Deep Analysis — the analytics analogue to deep research

Design of the experimental “deep-analysis” feature for the Auto-Analyst

Apr 24, 2025

Describes the three-step process for deep analysis

Deep research has quickly become a standout feature in search-powered language applications. Companies like Perplexity and OpenAI have both launched this feature, which enables users to create comprehensive research reports from a single query.

That same concept inspired the experimental deep analysis feature in our Auto-Analyst at FireBird Technologies. After trying out deep research, we found that there are three key processes that probably happen under the hood. This how we designed “Deep Analysis”

Ideate: Most users come in with a vague goal like “Why is churn rising?” but that single question can lead down many different paths. Maybe churn is tied to a recent product change. Maybe a competitor just launched something new. Or it could be part of a seasonal trend. A deep analysis has to explore all those possibilities and connect the dots. The ideation step is where the system branches out from the user’s original query to generate related and relevant sub-questions that need to be answered to fully answer the original goal.
Execute: Once we have a list of deep questions, the system needs to figure out how to tackle each one in a efficient manner. This part is all about creating a execution plan. Which agents should take which question? In what order should questions be handled? A well-structured execution plan helps the system avoid getting stuck and reduces chances of repeated answering the same question.
Synthesize: This is the final and most important step. All the answers generated during the execution phase need to come together in a deep analytical report. The report must be well-structured and provides data-driven insights to the user

Each of these steps — ideate, execute, and synthesize — requires its own carefully crafted components. In the next section of this post, I will break down how we designed and built each part.

Building “Auto-Analyst” — A data analytics AI agentic system

Arslan Shahid

September 1, 2024

Read full story

Ideate

In AI applications, the quality of the response depends a lot on how the question is asked. If the user’s question is vague or unclear, the results usually won’t be very helpful. But we can’t expect every user to know exactly how to phrase things perfectly. That’s why, for deep analysis, it’s important for the system to ask smarter, more focused questions on its own.

At the same time, these follow-up questions need to be grounded in reality. They should be based on the data we actually have, so the system can actually answer them.
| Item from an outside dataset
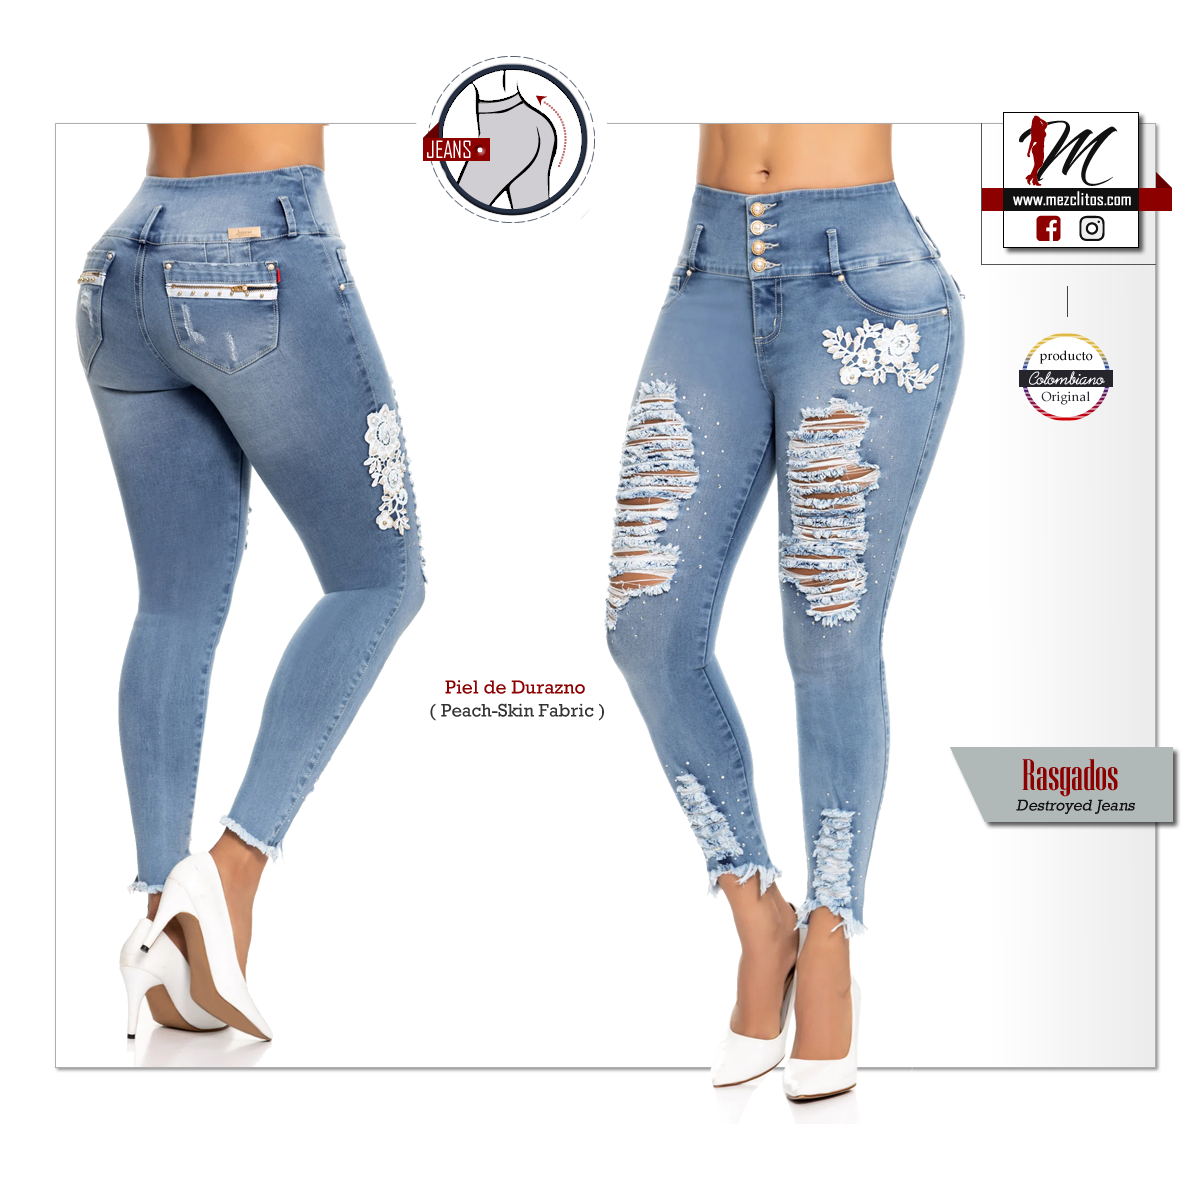 Ripley - JEANS COLOMBIANO 8410

To handle this, the deep-questions LLM program works like this: it takes the user’s original goal, the available dataset, and then comes up with five (arbitrarily chosen number) related questions that dig deeper into the analytics query.

import dspy 
class deep_questions(dspy.Signature):
    """
You are a data analysis assistant.

Your role is to take a user’s high-level analytical goal and generate a set of deep, targeted questions.
These questions should guide an analyst toward a more thorough understanding of the goal by encouraging exploration, segmentation, and causal reasoning.

Instructions:
- Generate up to 5 insightful, data-relevant questions.
- Use the dataset structure to tailor your questions (e.g., look at the available columns, data types, and what kind of information they can reveal).
- The questions should help the user decompose their analytic goal and explore it from multiple angles (e.g., time trends, customer segments, usage behavior, external factors, feedback).
- Each question should be specific enough to guide actionable analysis or investigation.
- Use a clear and concise style, but maintain depth.

Inputs:
- goal: The user’s analytical goal or main question they want to explore
- dataset_info: A description of the dataset the user is querying, including:
    - What the dataset represents
    - Key columns and their data types

Output:
- deep_questions: A list of up to 5 specific, data-driven questions that support the analytic goal

---

Example:

Analytical Goal:
Understand why churn has been rising

Dataset Info:
Customer Retention Dataset tracking subscription activity over time.  
Columns:
- customer_id (string)
- join_date (date)
- churn_date (date, nullable)
- is_churned (boolean)
- plan_type (string: 'basic', 'premium', 'enterprise')
- region (string)
- last_login_date (date)
- avg_weekly_logins (float)
- support_tickets_last_30d (int)
- satisfaction_score (float, 0–10 scale)

Decomposed Questions:
1. How has the churn rate changed month-over-month, and during which periods was the increase most pronounced?
2. Are specific plan types or regions showing a higher churn rate relative to others?
3. What is the average satisfaction score and support ticket count among churned users compared to retained users?
4. Do churned users exhibit different login behavior (e.g., avg_weekly_logins) in the weeks leading up to their churn date?
5. What is the tenure distribution (time from join_date to churn_date) among churned customers, and are short-tenure users more likely to churn?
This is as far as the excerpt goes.